Assessment of Keratoconus Frequency Among First-Degree Relatives: A Study Utilizing Corneal Tomography Screening
-
By
-
Lokeshwari Aruljyothi
-
Anuja Jankiraman
-
Reshma Rachel
-
Balagiri Sundar
-
Saranya Arunachalam
-
Manohar Babu
-
Nambi Nallasamy
-
February 14, 2026
-
Clinical Scorecard: Assessment of Keratoconus Frequency Among First-Degree Relatives: A Study Utilizing Corneal Tomography Screening
At a Glance
| Category | Detail |
| Condition | Keratoconus (KC) |
| Key Mechanisms | Progressive corneal ectasia characterized by stromal thinning, focal steepening, and epithelial remodeling. |
| Target Population | First-degree relatives of patients with keratoconus. |
| Care Setting | Tertiary care centers with specialized equipment for corneal tomography. |
Key Highlights
- Familial aggregation in ~15-20% of KC cases compared to 1-3% of controls.
- Screening via corneal tomography can identify early and subclinical KC.
- KC prevalence is significantly higher in certain regions, particularly in the Middle East and India.
- Mechanical factors like chronic eye rubbing are significant environmental risks.

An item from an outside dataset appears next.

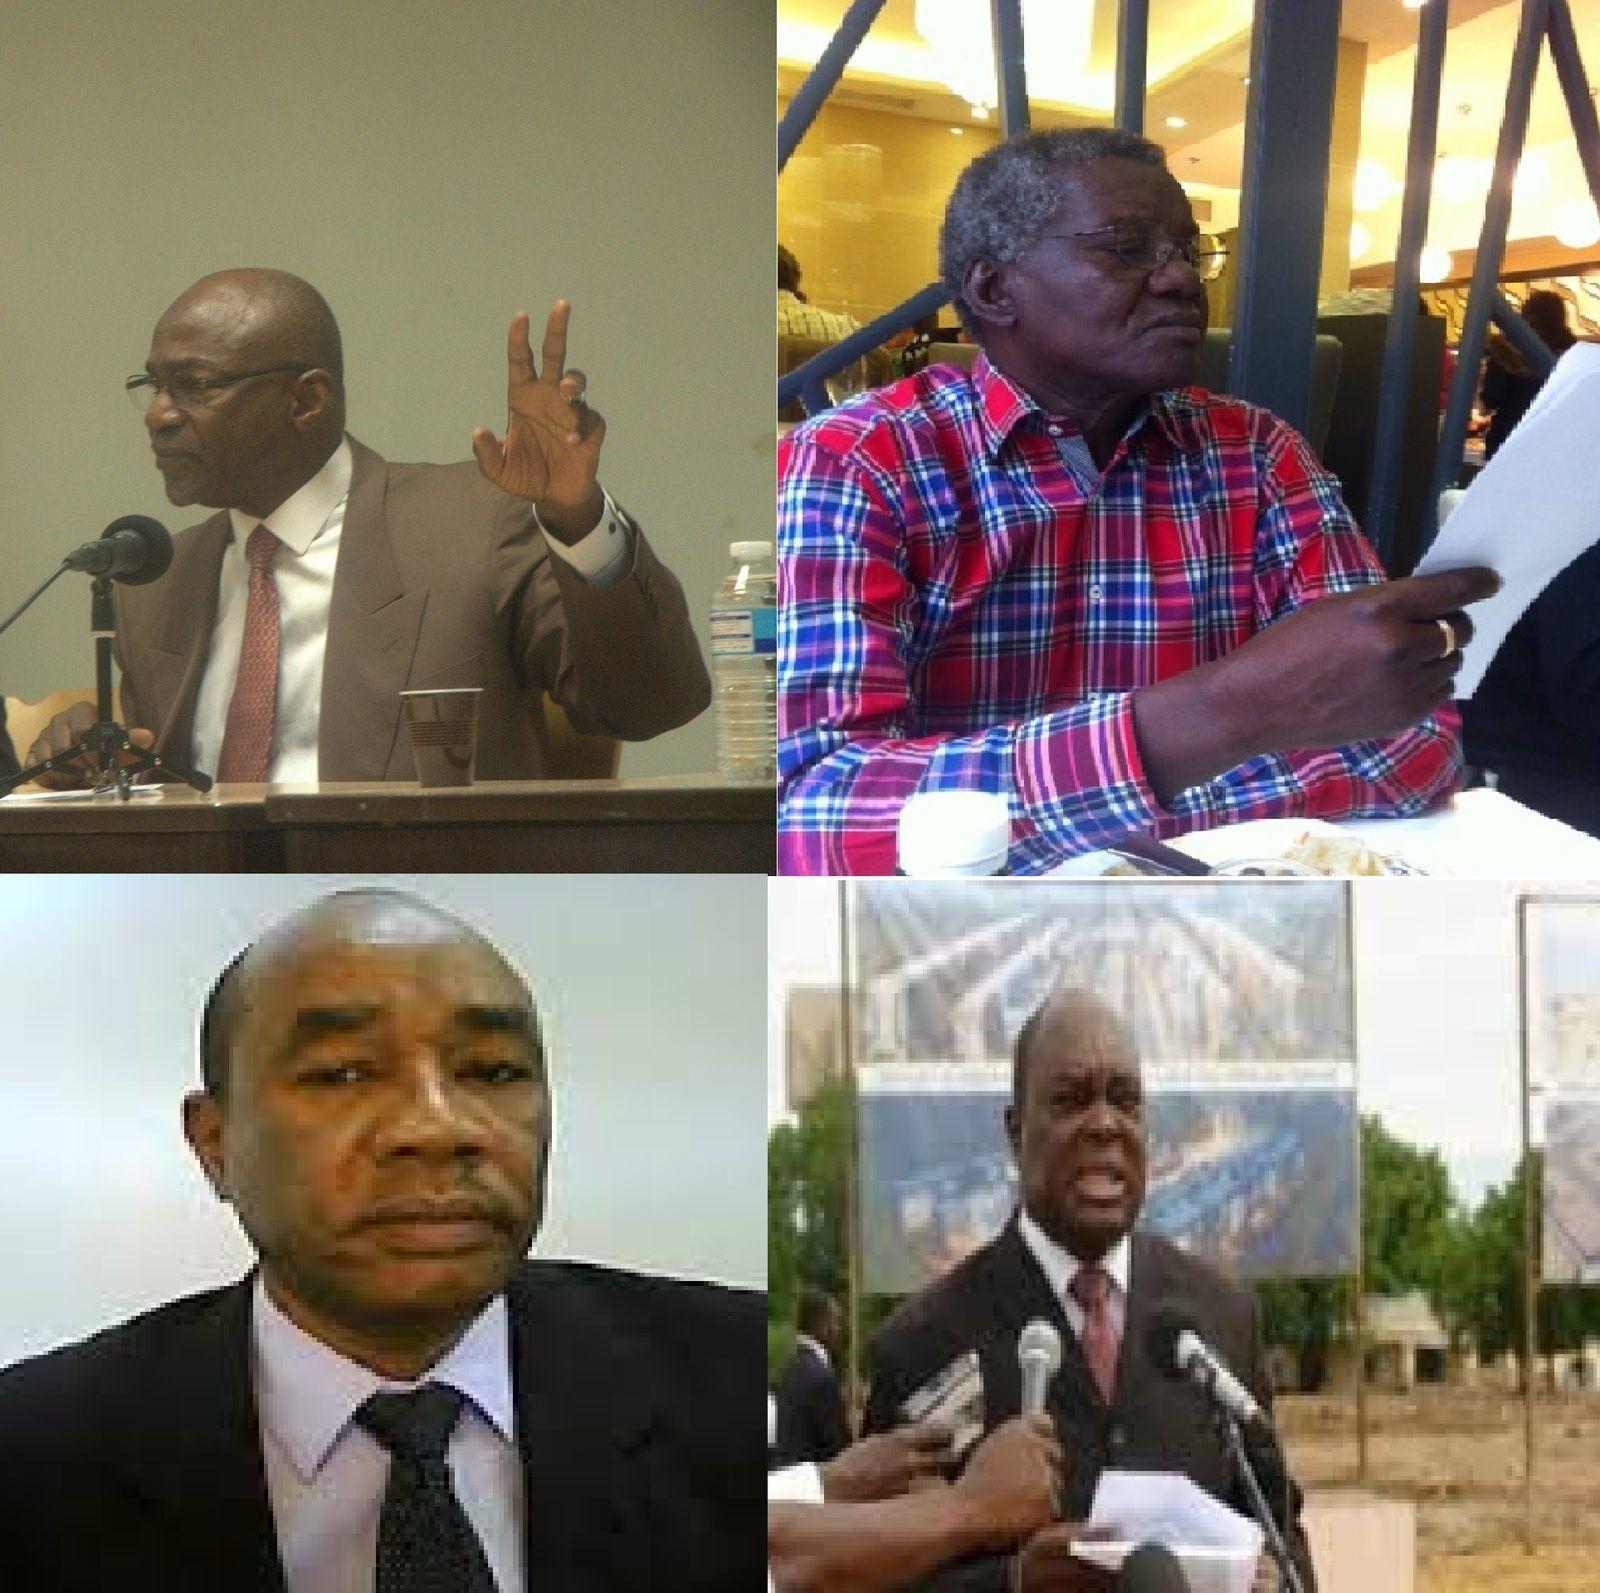 TCHAD: GOUVERNEMENT DE SALUT NATIONAL OU MORT POLITIQUE DE CERTAINS

- Genetic predisposition plays a critical role in KC incidence.
Guideline-Based Recommendations
Diagnosis
- Utilize corneal tomography for early detection of KC in first-degree relatives.
Management
- Focus on targeted screening for first-degree relatives to prevent vision loss.
Monitoring & Follow-up
- Regular follow-up with corneal tomography for at-risk populations.
Risks
- Underdiagnosis of KC in asymptomatic or subclinical cases.

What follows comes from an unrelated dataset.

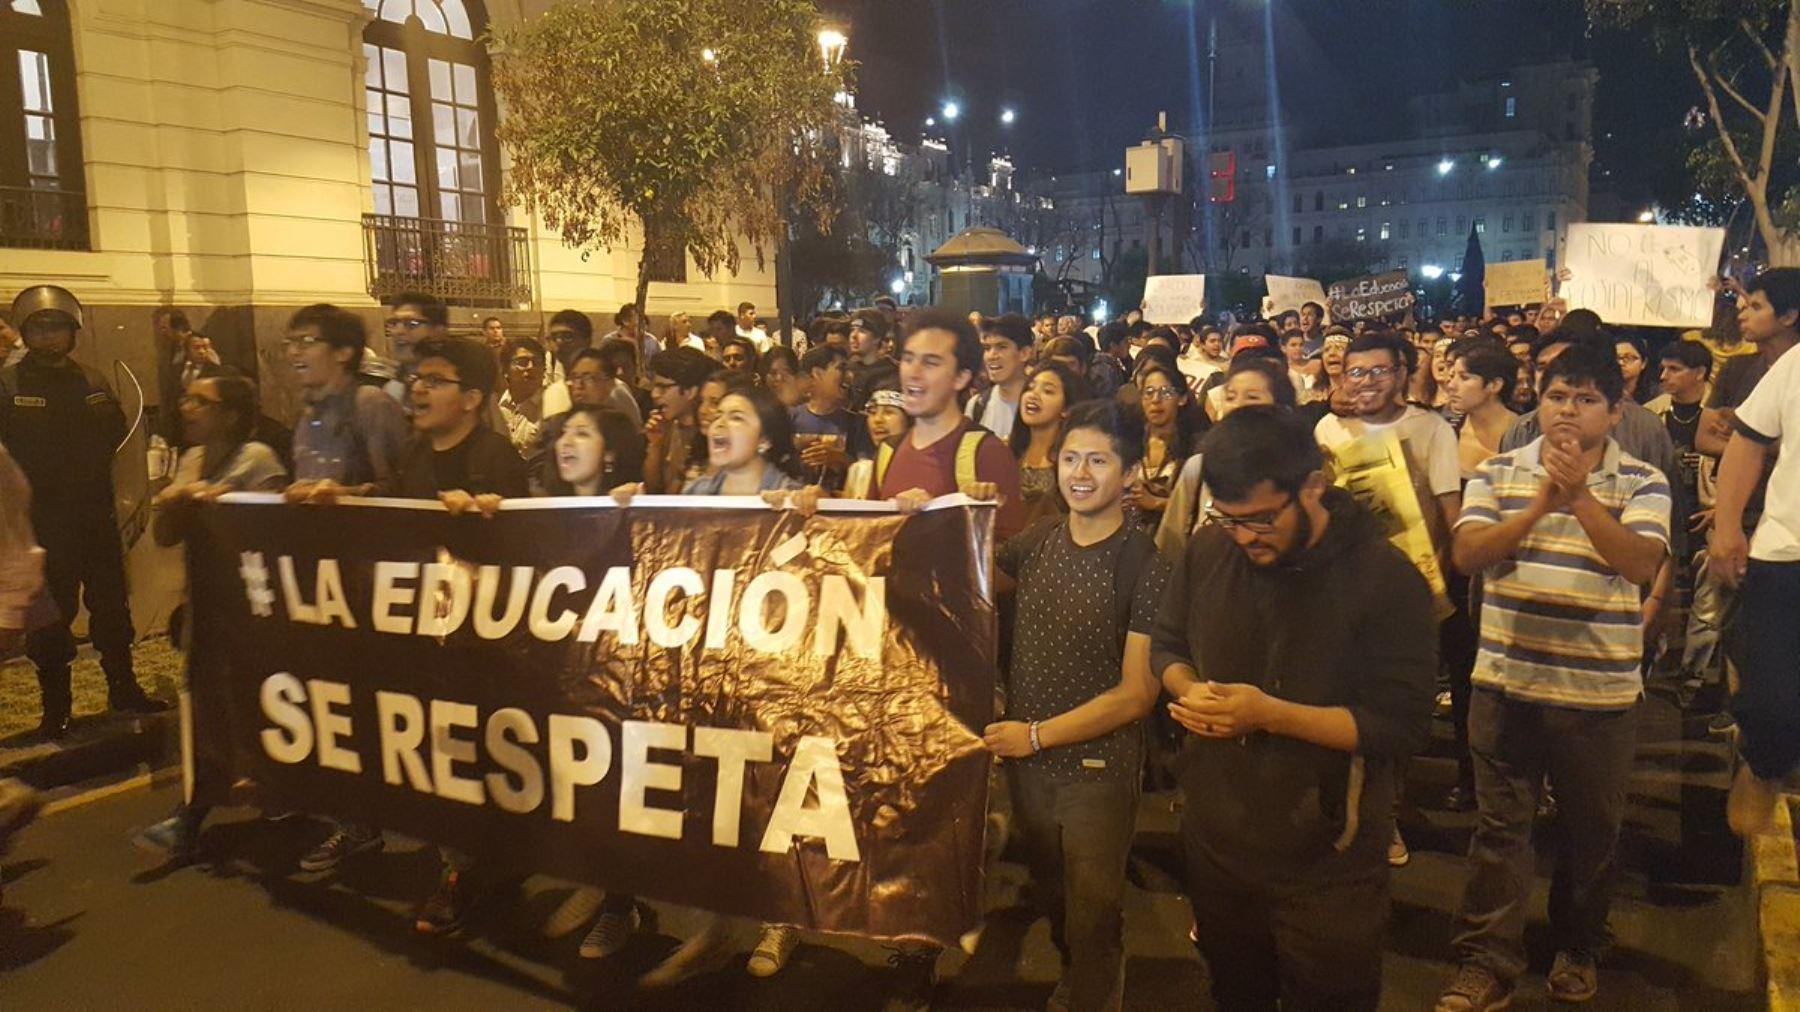 Marcha de respaldo a ministro de Educación, Jaime Saavedra. Foto. Juan Alvarez Morales.

Patient & Prescribing Data
First-degree relatives of patients with keratoconus.
Early identification through screening can lead to better management and prevention of vision deterioration.
Clinical Best Practices
- Implement corneal tomography screening in family members of KC patients.
- Educate patients about the genetic risks associated with KC.
- Encourage regular eye examinations for early detection of KC.